In the interim, Square is making a push into consumer lending, giving small businesses the opportunity to capture big-ticket sales that might otherwise slip away. After testing the feature for about a year, Square Installments has now been rolled out across 22 states with plans for a nationwide expansion.

“Historically, offering financing options for customers has only been available to larger businesses. For many Square sellers, providing a payment option like this to customers has either not been possible, or has been too complicated or time/labor intensive to set up. We are focused on expanding access to financial services for both businesses and individuals, and Square Installments sits at the intersection of both,” the spokesperson said.

Square Installments will further diversify the company’s revenue stream and build on the momentum that they have been experiencing with business loans. The new product offers customers more flexibility for purchases between $250 and $10,000, giving them the option to pay over three, six or 12-month installments at an APR of up to 24%.

“We noticed there were a lot of very high-ticket purchases on Square and sellers were saying that they might lose a sale because a national chain might offer financing,” according to the spokesperson. Over the past year, Square facilitated tens of millions of transactions for purchases of more than $250.

And it isn’t just merchant demand. Small business customers similarly are hunting greater flexibility and more financing options for budgeting purposes, according to a survey of American consumers done by Square over the summer.

Square Installments works at both the point-of-sale for brick-and-mortar businesses as well as with Square Invoices for e-commerce companies. Other fintechs that offer similar consumer lending solutions include Affirm, GreenSky and Klarna, as Reuters pointed out.

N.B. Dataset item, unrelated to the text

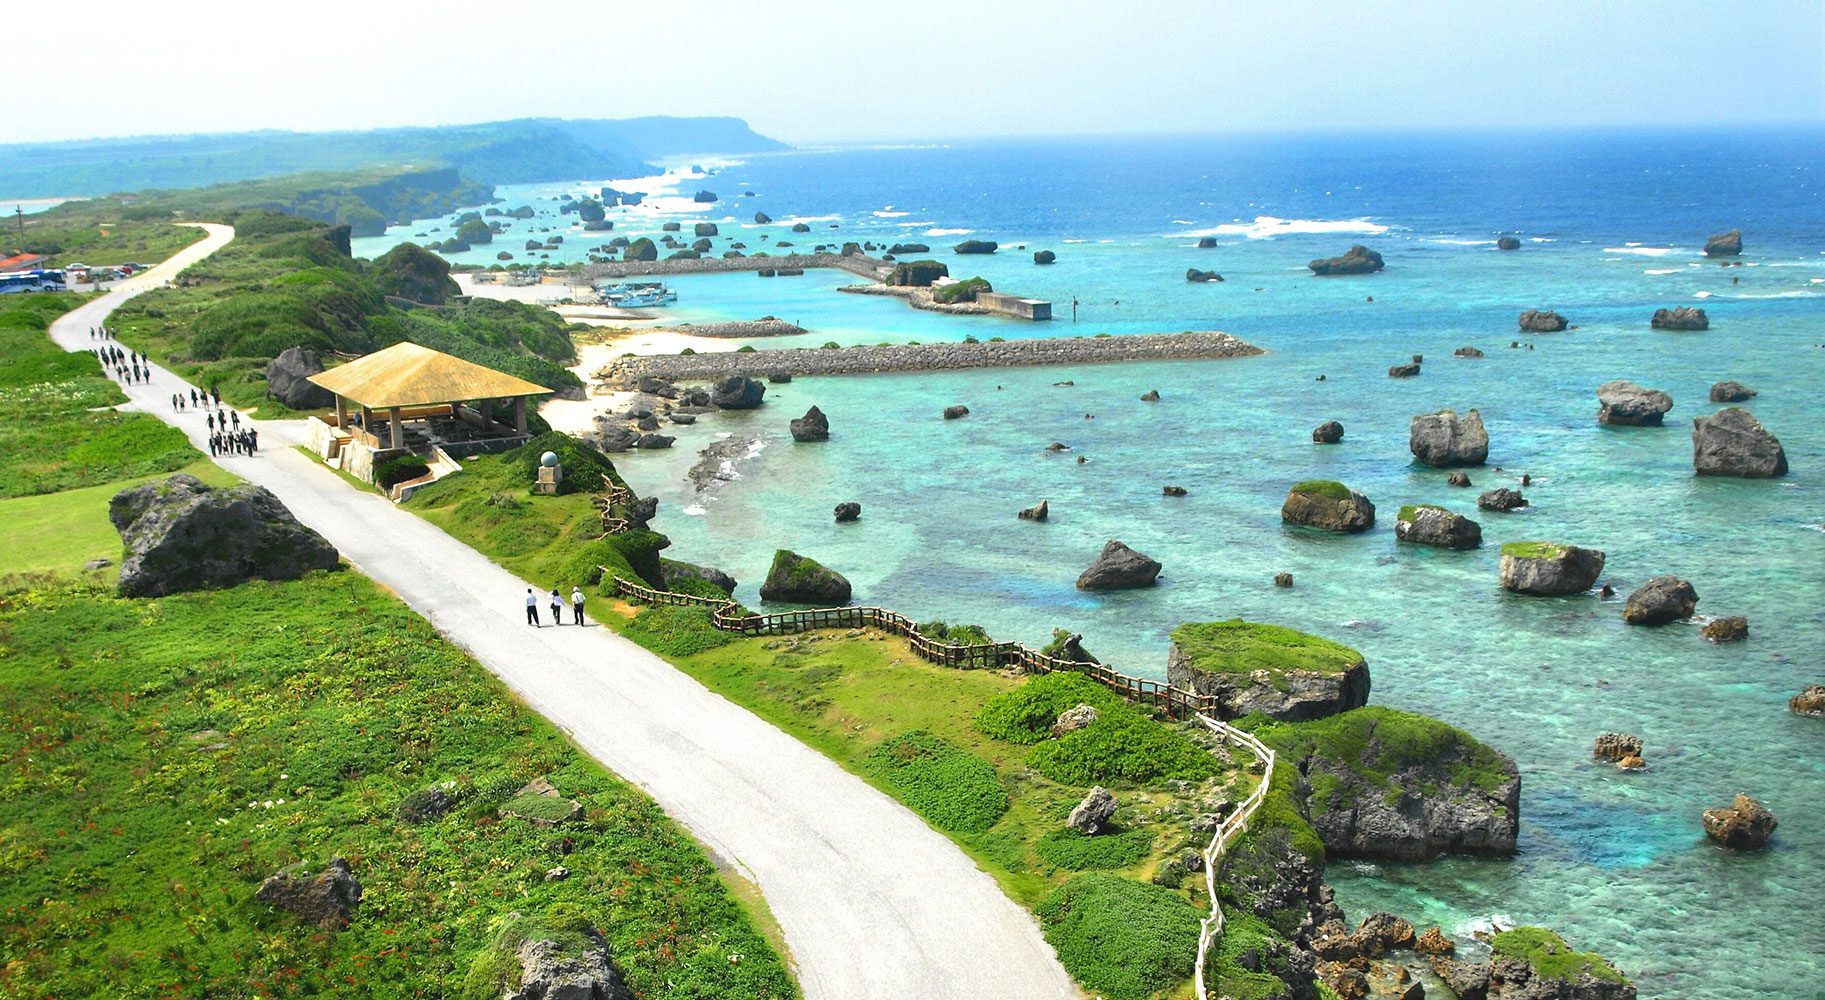 Bí quyết trẻ lâu của phụ nữ Okinawa, nơi có tuổi thọ cao nhất Nhật Bản

For sellers, Square Installments can be integrated into their existing Square offerings. The seller is not engaged in the credit decision process and is paid for the sale up front.

By giving customers the ability to pay in installments, small businesses can increase their sales, bolstering growth in the process. Square gives the example of Fly1 Motorsports, whose sales increased between 20%-30% while order values increased by more than 50% as a result of Square Installments.

Square has a history with the sellers on its platform, which delivers greater transparency to the credit decision process. The loans, however, will be added to Square’s balance sheet, a risk that was reflected in declines in Square’s stock price on the heels of the announcement. Square (SQ) shares are down 22% so far in October. The declines also coincided with the departure of Square’s CFO, Sarah Friar.

“From a risk perspective, we look at two types of risk — fraud and credit. At Square, we start with an advantage since we know the sellers we are bringing on to the Square Installments program given they are already processing with Square. We have visibility into what they sell, their average ticket size, and any chargebacks,” the Square spokesperson explained.

On the consumer credit risk side, Square uses machine learning and other tools to provide what it describes as a “holistic view of our borrowers.”